Neither of us want to refight the Civil War, so our first instinct was to look for compromise. We pointed out to the neighbors that if the red states simply got California to do the seceding, even a conservative candidate as vacuous and unprincipled as Mitt Romney could probably win enough of the remaining votes in the Electoral College to eke out a victory.

ForĀ  liberals, the idea of seceding does hold a certain appeal if we could get out on favorable terms. My wife, however, is concerned about what that might bode for our son and his family who live in New York, so her definition of favorable terms is more stringent. For example, if the red states want to cancel the 13th and 19th Amendments, that’s a non-starter in her mind.

I’m more pragmatic. Okay, we should get some concessions. But remember, Californians only have so much clout when it comes to secession. Sure, some people would be happy to see us go, but we need to save our leverage for important subjects like rerouting the Keystone Pipeline to LA or water rights to the Colorado River.

My wife is also concerned that John Boehner would lead the negotiations for the conservatives. “Look how pig headed he’s been in the financial cliff negotiations,” she pointed out. “You’d think Romney’d won the election. Job creators? Hah! They’ve had a tax holiday since 2001 and where are all the jobs?”
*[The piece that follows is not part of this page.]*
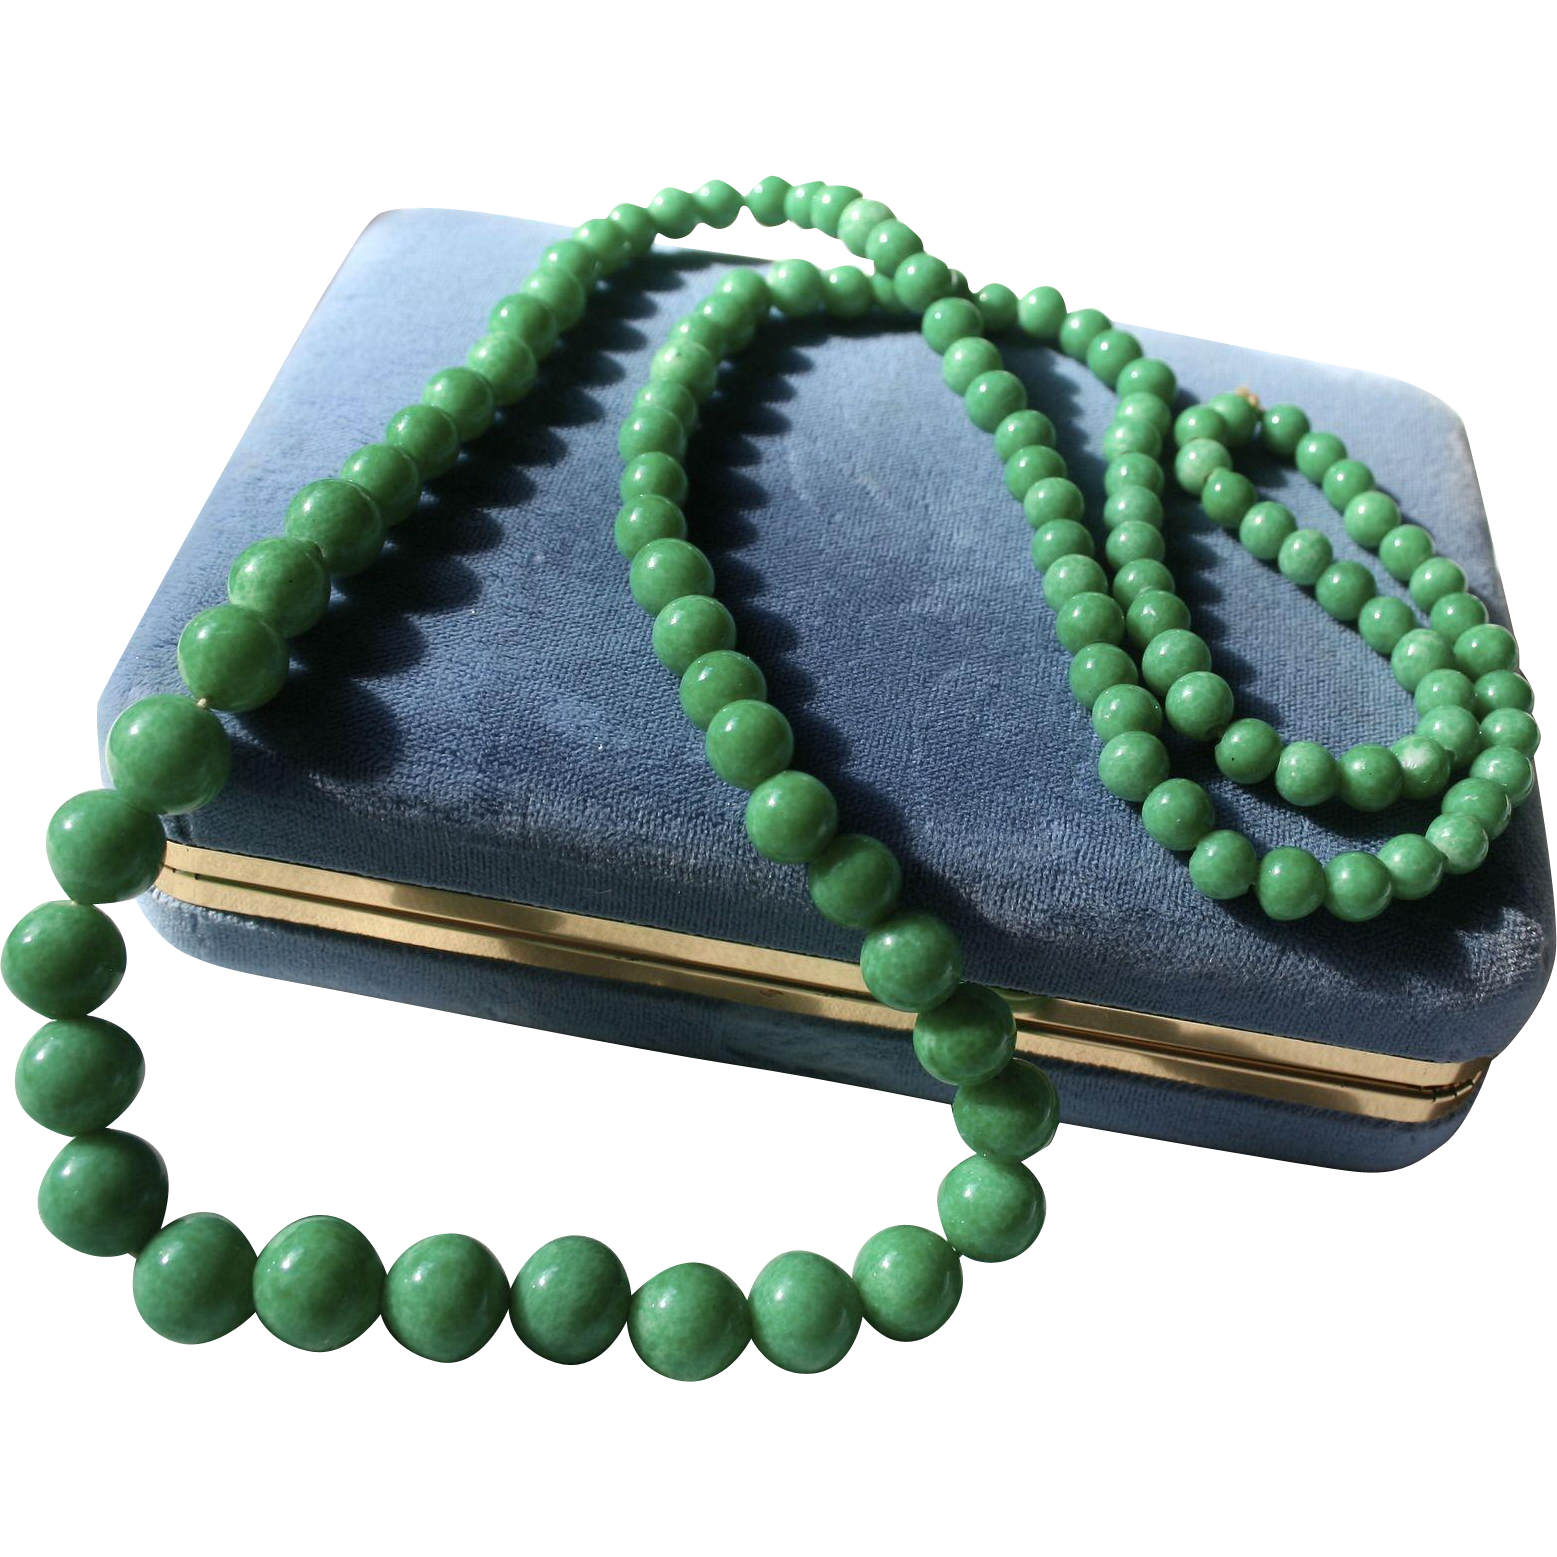 Gorgeous Peking Green Glass Graduated Beaded Necklace Random Harvest Ruby Lane

I tried to calm her by suggesting they’d probably send in someone more reasonable like Mitch McConnell to do the deal, but that didn’t seem to reassure her. So I tried a different tack. “Look,” I argued, “we’d never have to worry about the Ohio vote again.”

“Careful,” she reminded me, “my side of the family lives in Ohio.”

“Exactly,” I agreed. “Who needs Ohio! We’d never have to try to convince your sister Potsy to vote for Obama again. And look at the side benefits. The red states could go ahead and make ‘God Bless America’ the national anthem so they wouldn’t have to wait till the seventh inning to sing it. California could pick its own anthem. How about ‘White Rabbit’ by Jefferson Airplane? And we wouldn’t even have to change leadership. Governor Moonbeam is already in place.”

I don’t know how negotiations run in your families, but it was all uphill from there.